• TASK TO CARRY OUT
Return the complete listing exactly as it reads, with each picture removed.

• THE DATA
- Opening Delimiter -

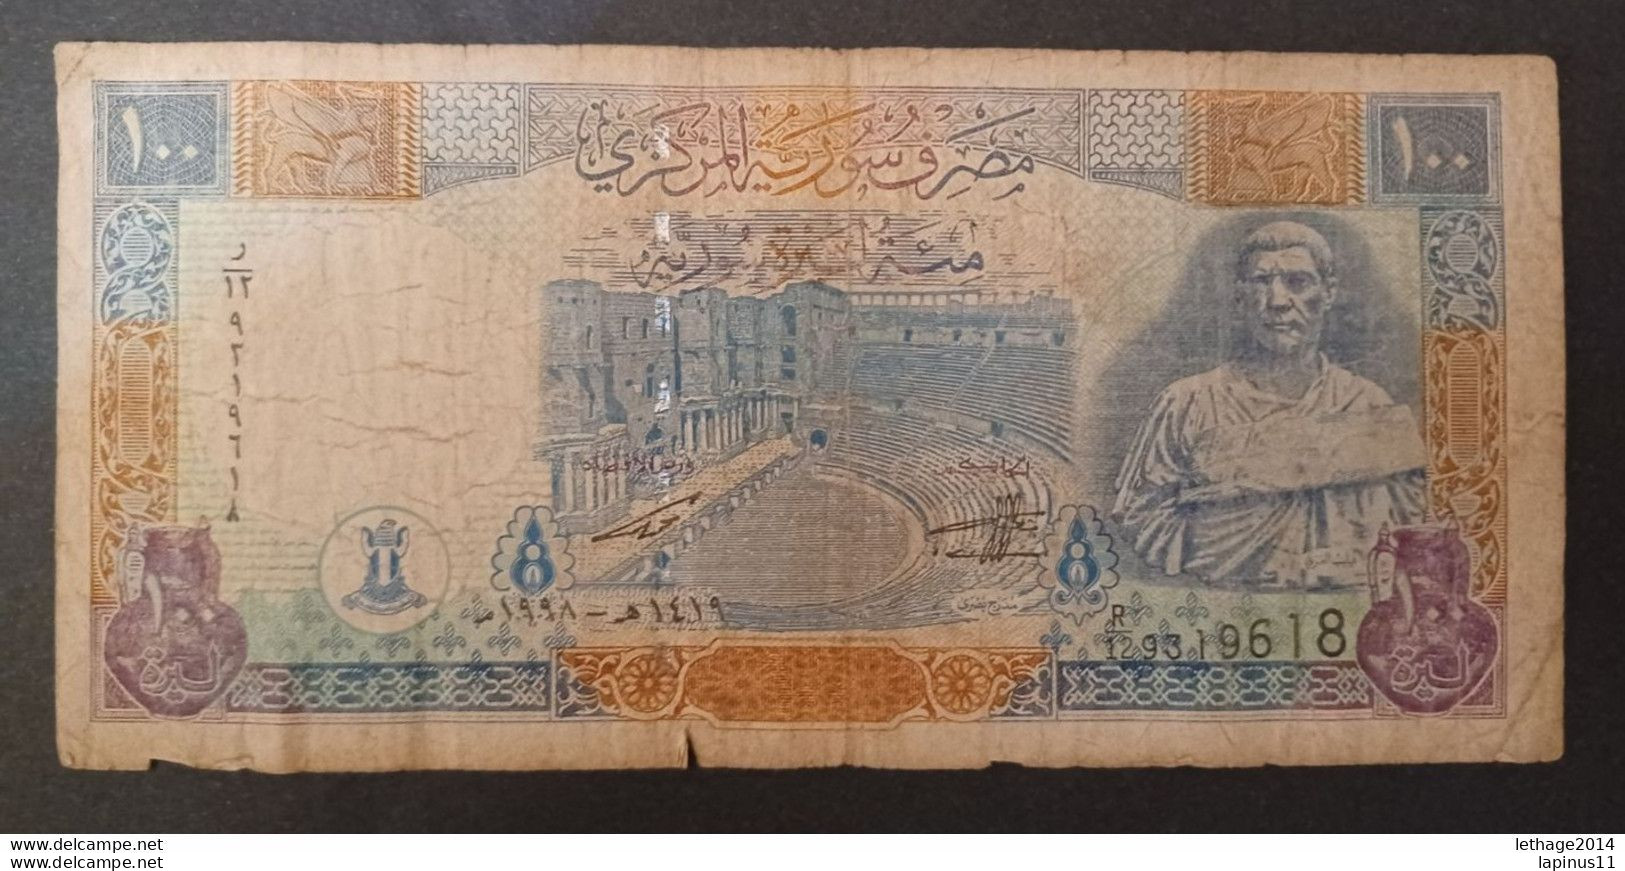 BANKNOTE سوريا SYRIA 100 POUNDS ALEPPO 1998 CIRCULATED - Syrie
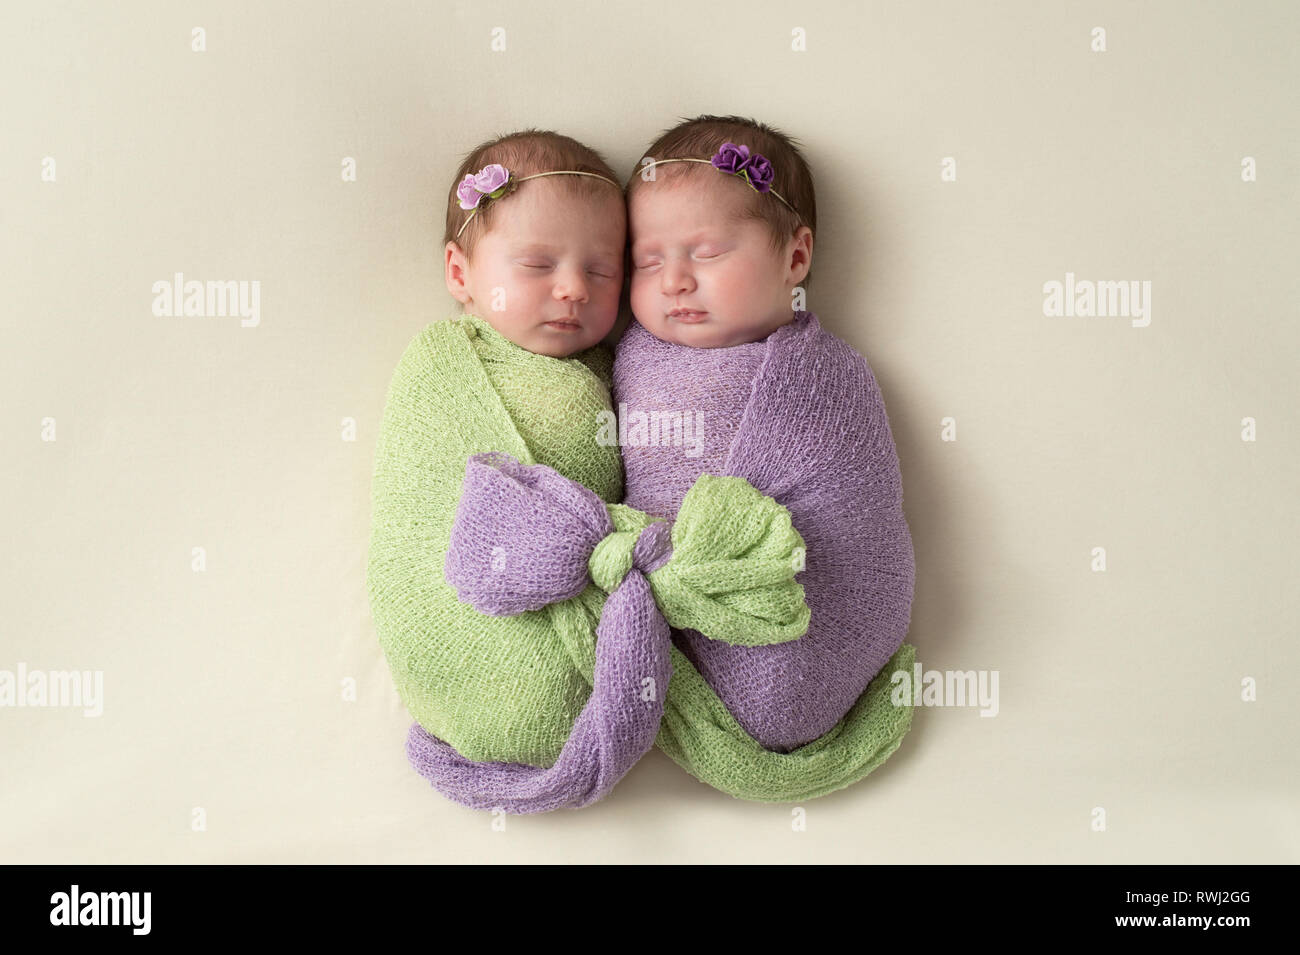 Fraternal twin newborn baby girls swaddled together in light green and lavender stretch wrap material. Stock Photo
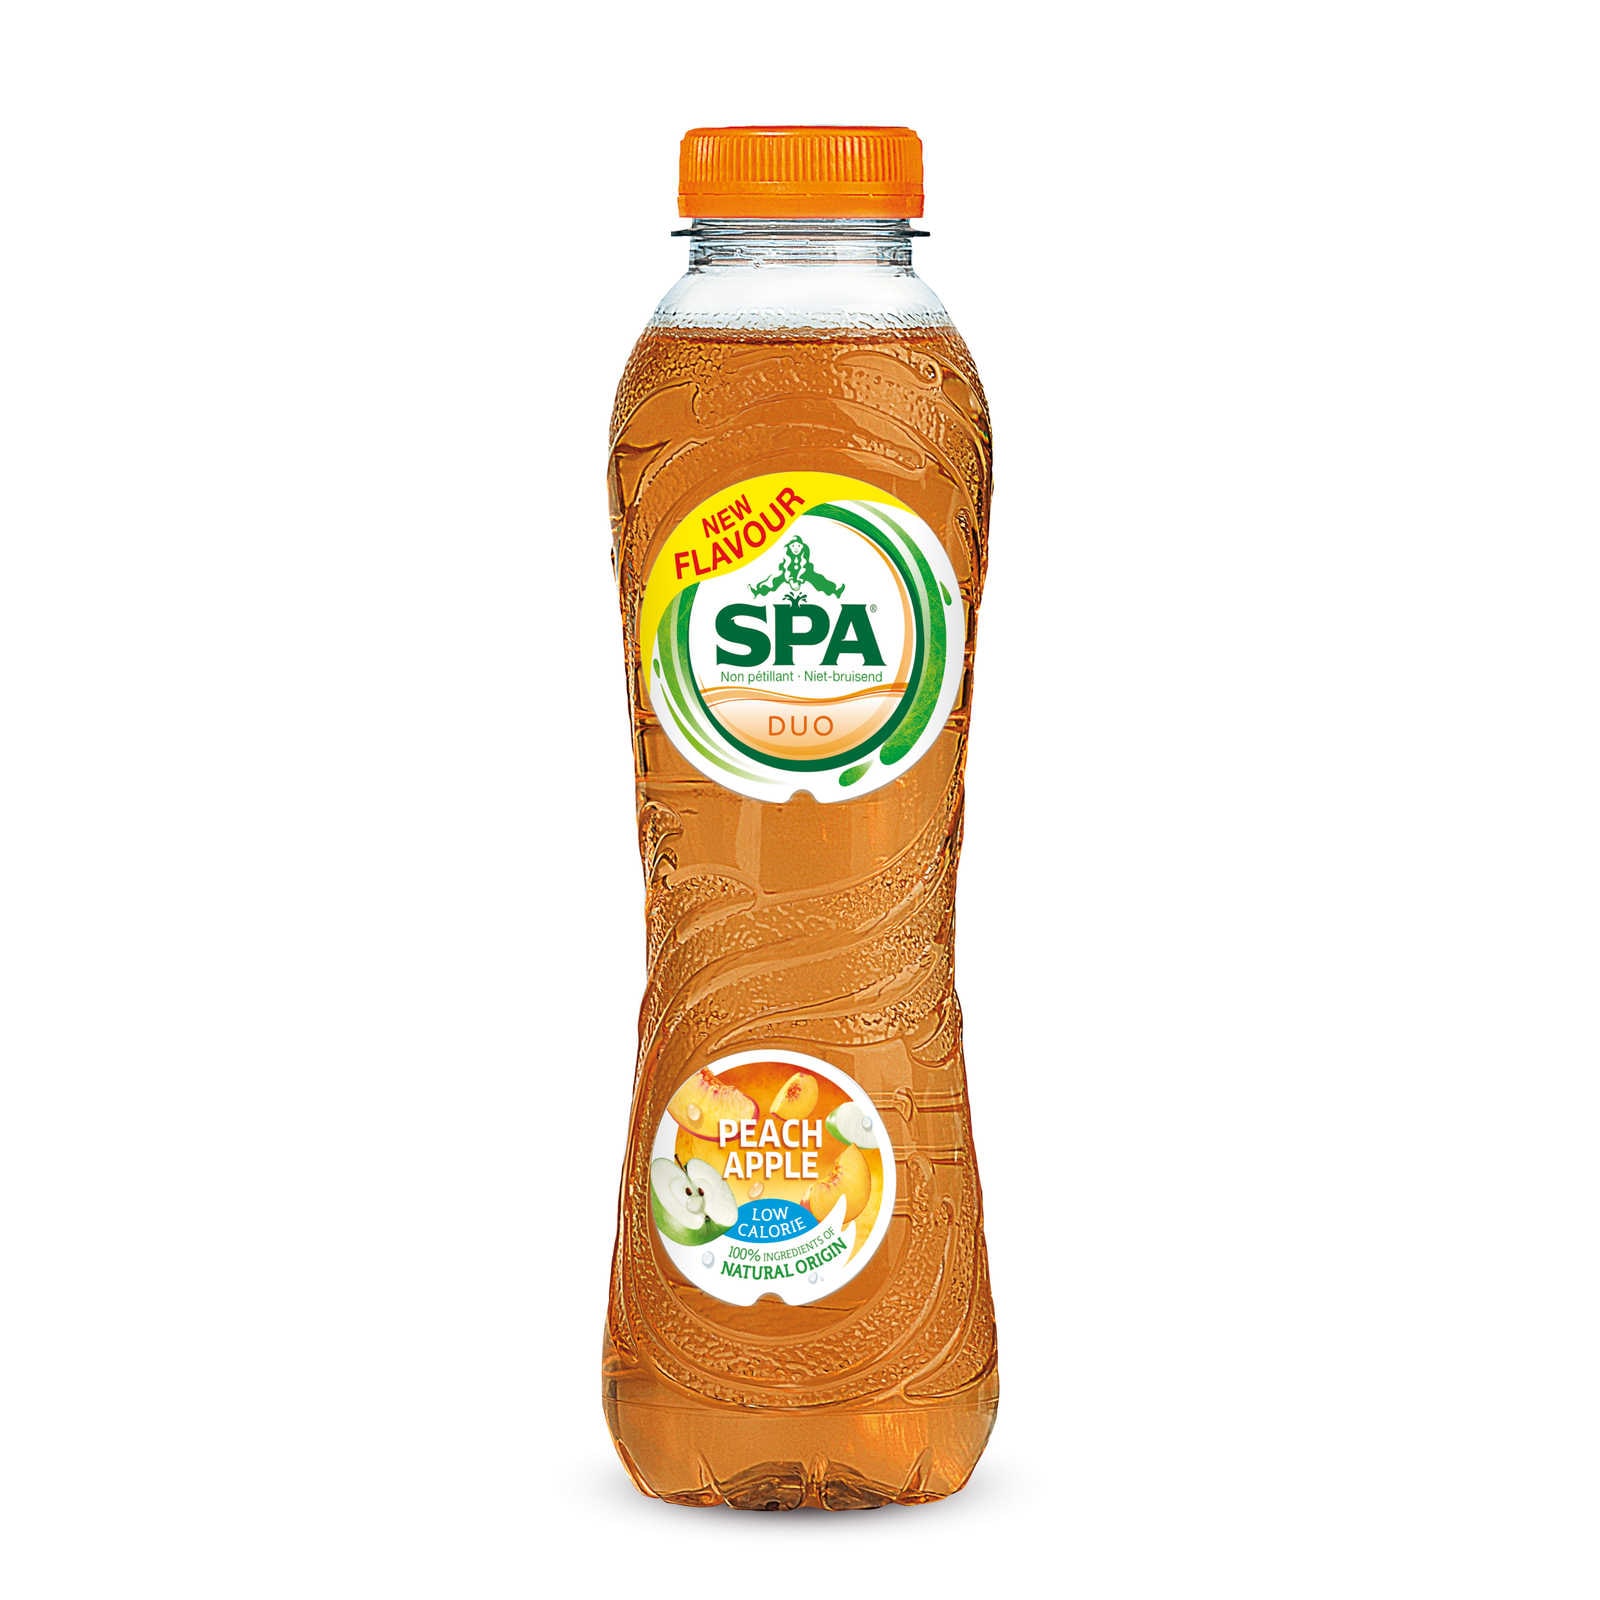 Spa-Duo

- Closing Delimiter -

• TASK OUTPUT
 BANKNOTE سوريا SYRIA 100 POUNDS ALEPPO 1998 CIRCULATED - Syrie
 Fraternal twin newborn baby girls swaddled together in light green and lavender stretch wrap material. Stock Photo
 Spa-Duo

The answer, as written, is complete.